● Stored data:
= = =
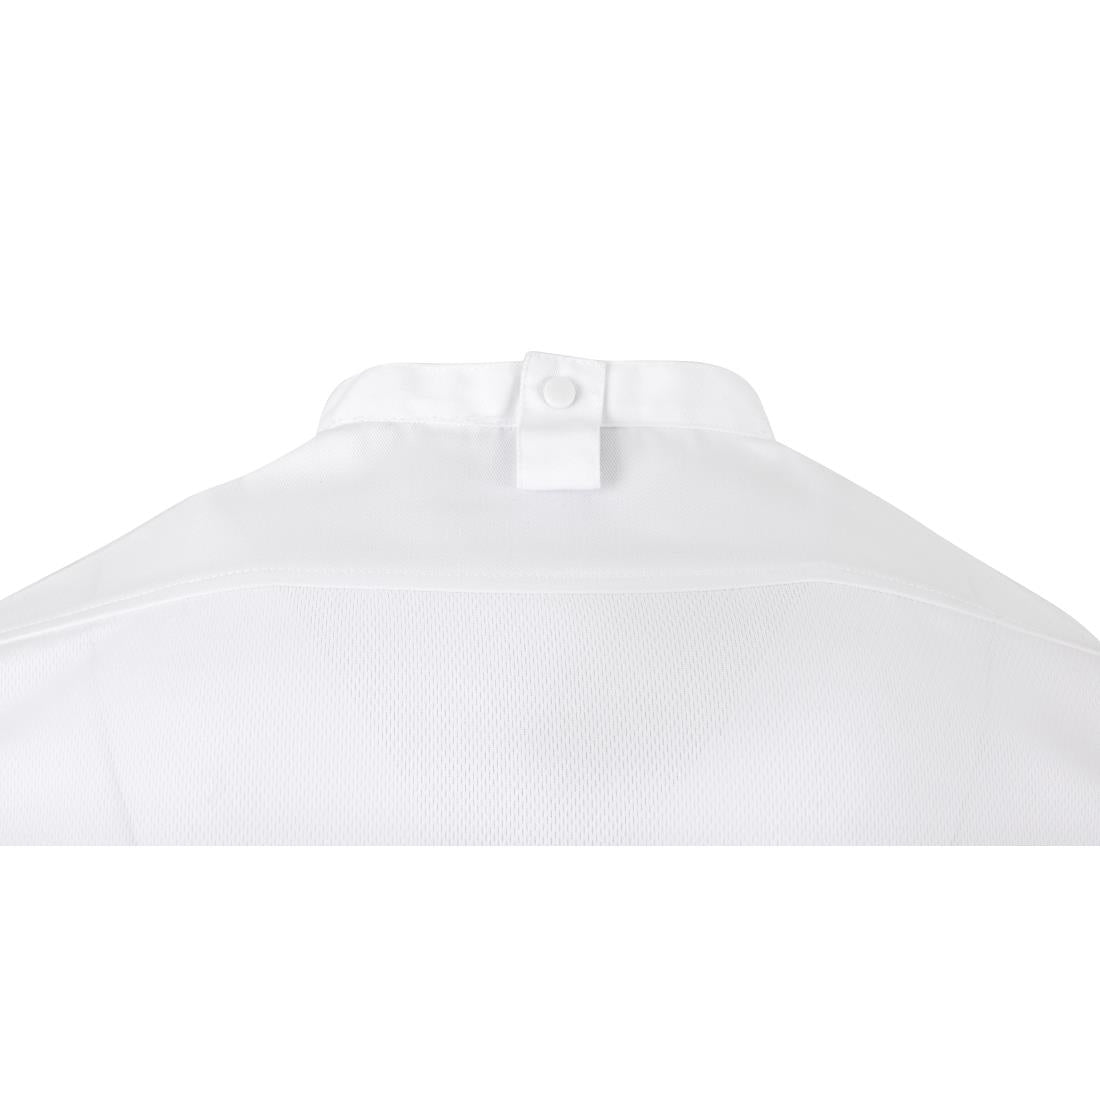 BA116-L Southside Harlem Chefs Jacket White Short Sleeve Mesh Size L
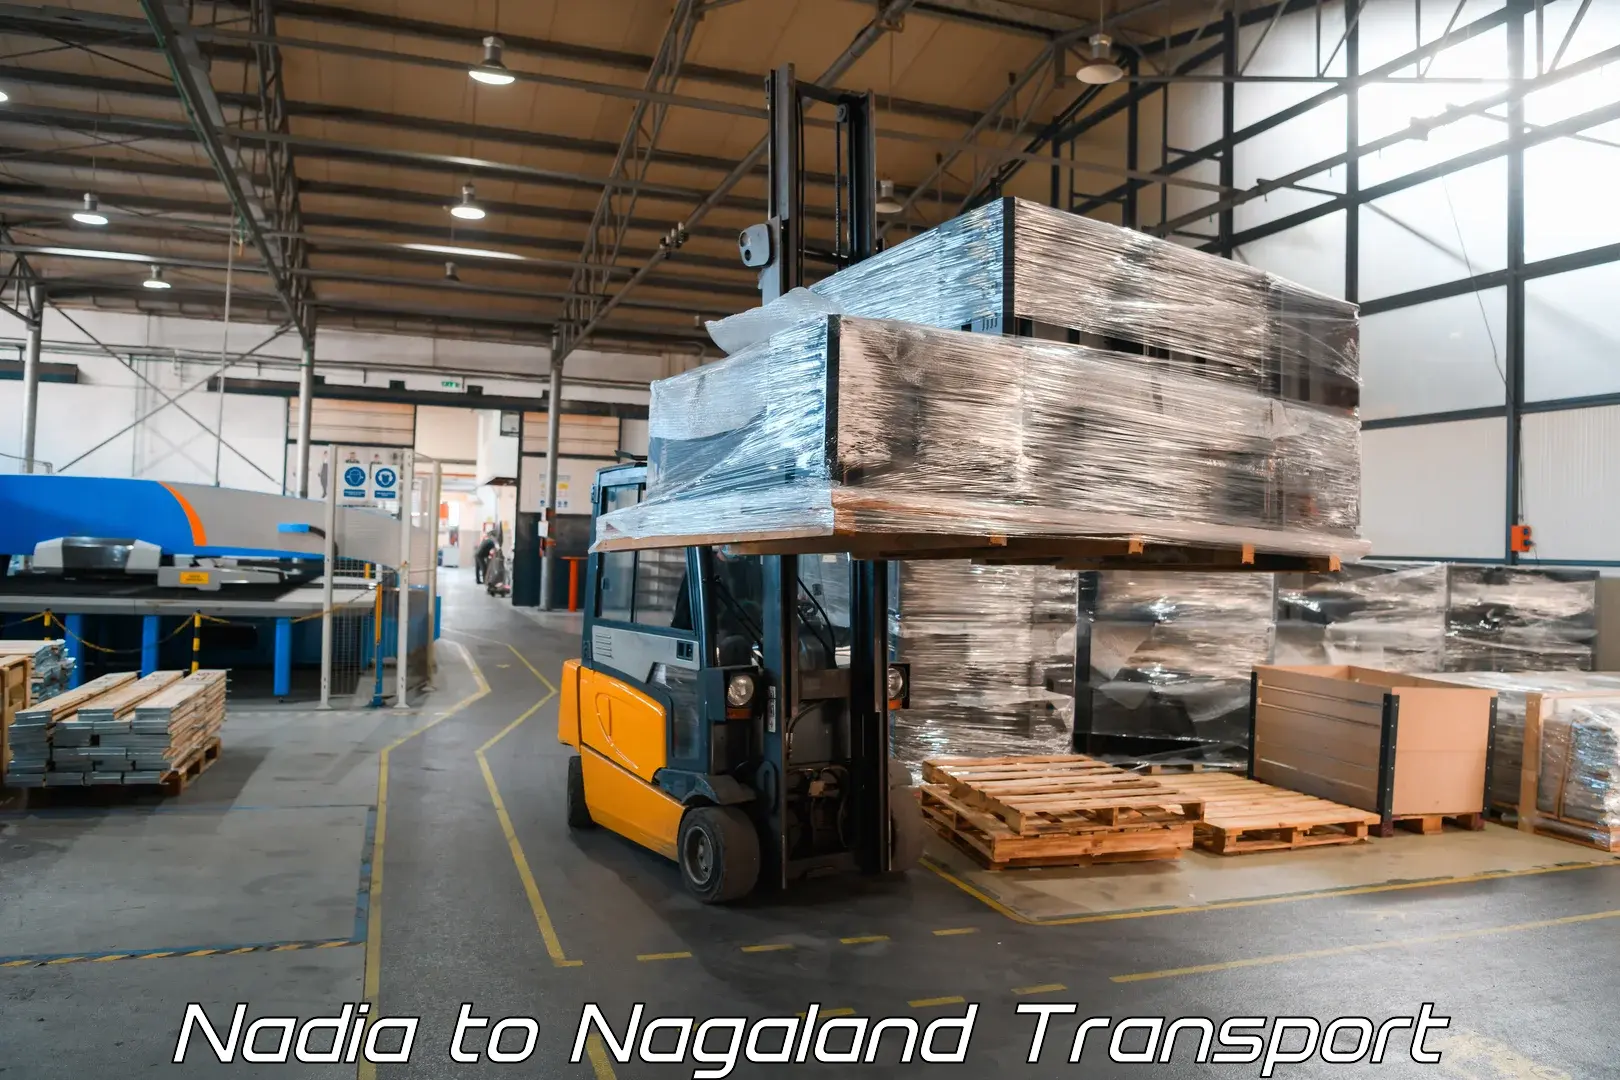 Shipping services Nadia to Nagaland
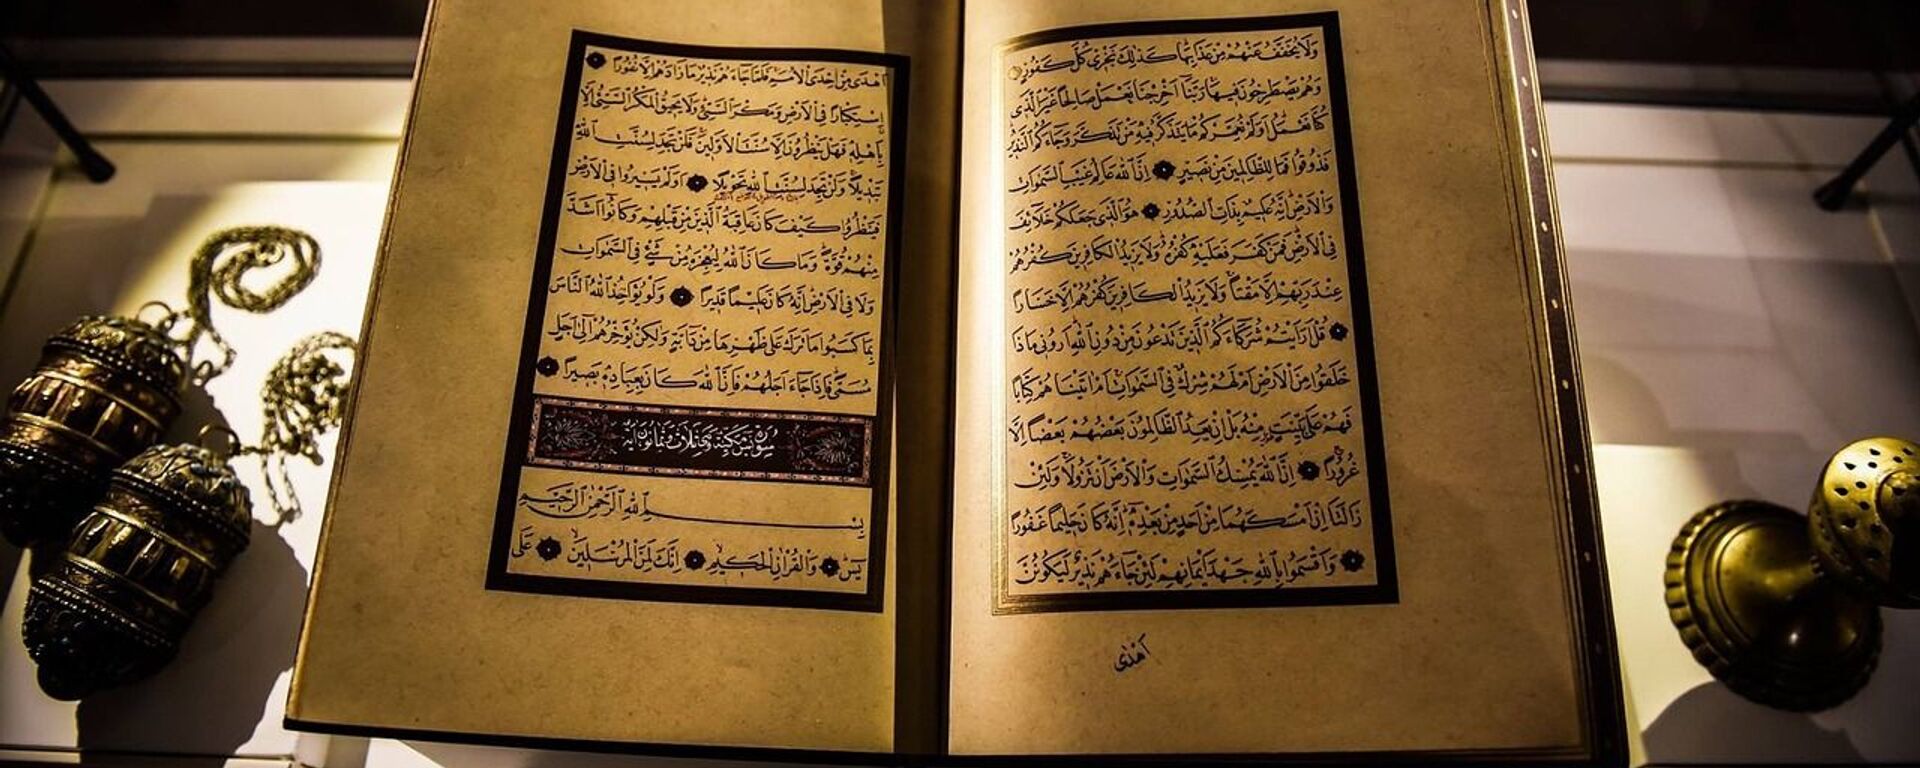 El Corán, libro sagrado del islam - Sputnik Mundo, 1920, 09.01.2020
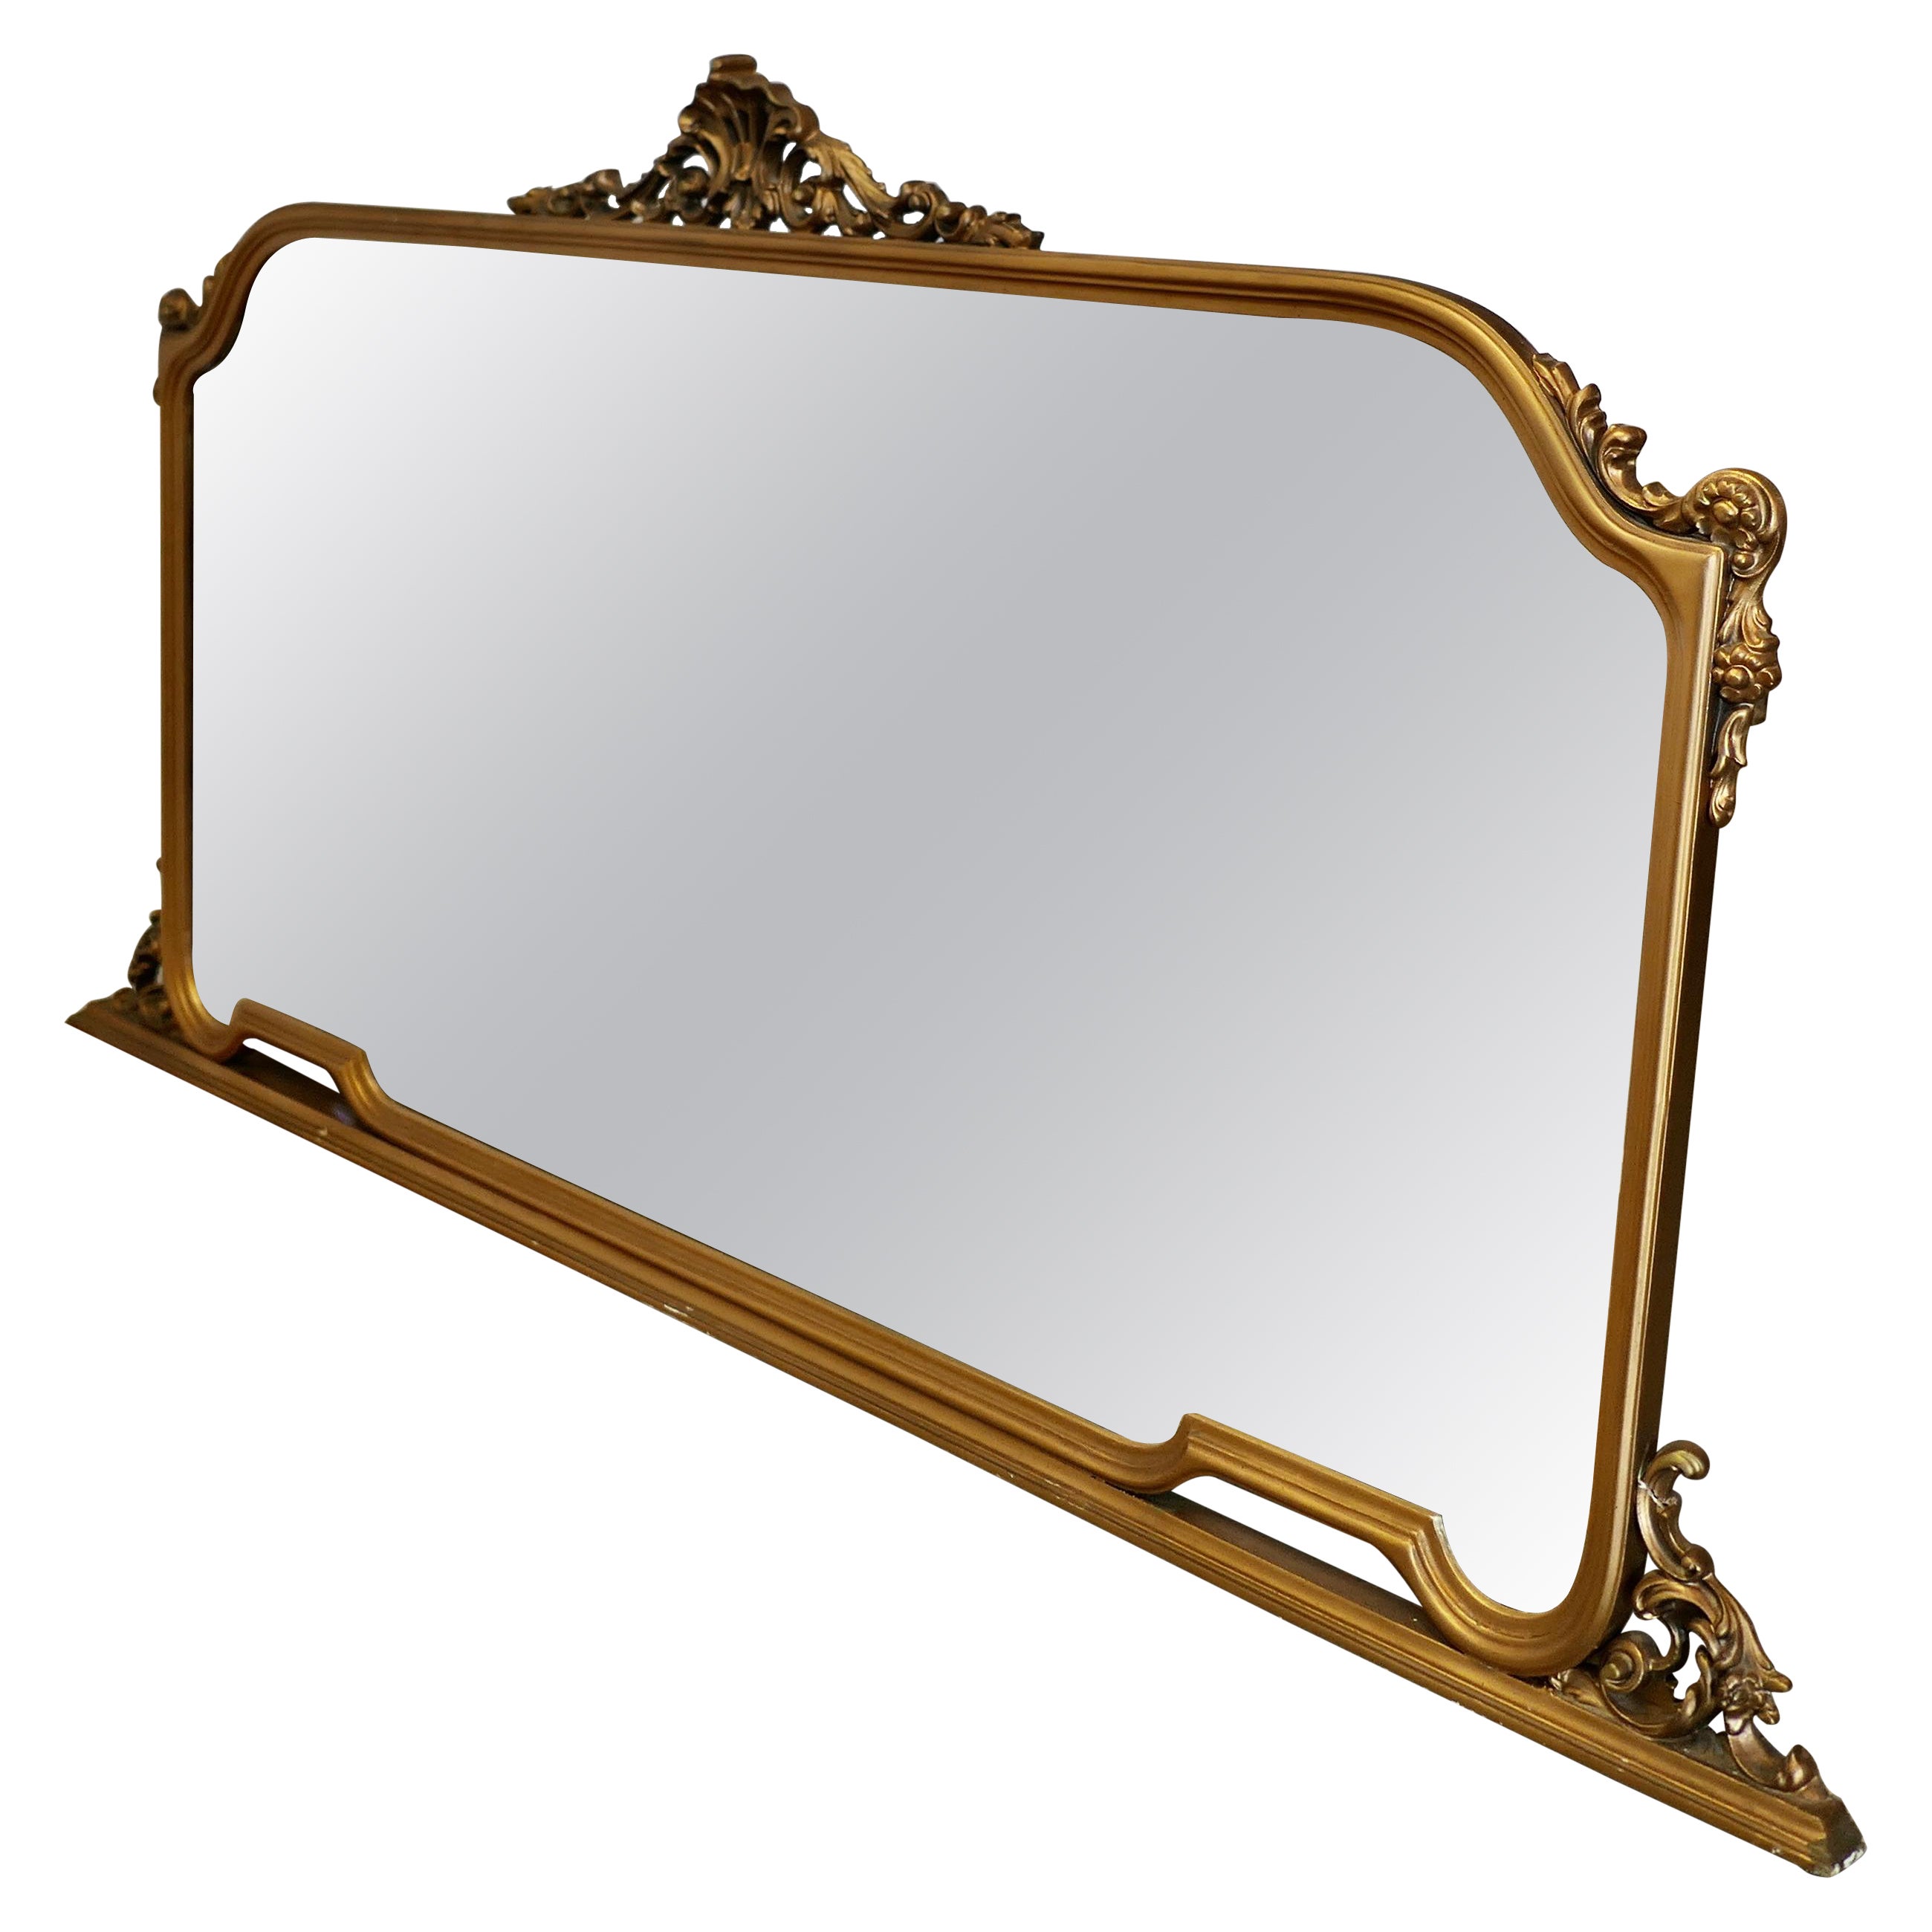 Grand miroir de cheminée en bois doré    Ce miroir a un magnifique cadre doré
= = =
● Required action: Give back an exact copy of only the lines from the one with "El Corán, libro" through the final line of the material, both included. Pictures do not belong in it.

● Result for this task:
 El Corán, libro sagrado del islam - Sputnik Mundo, 1920, 09.01.2020
 Grand miroir de cheminée en bois doré    Ce miroir a un magnifique cadre doré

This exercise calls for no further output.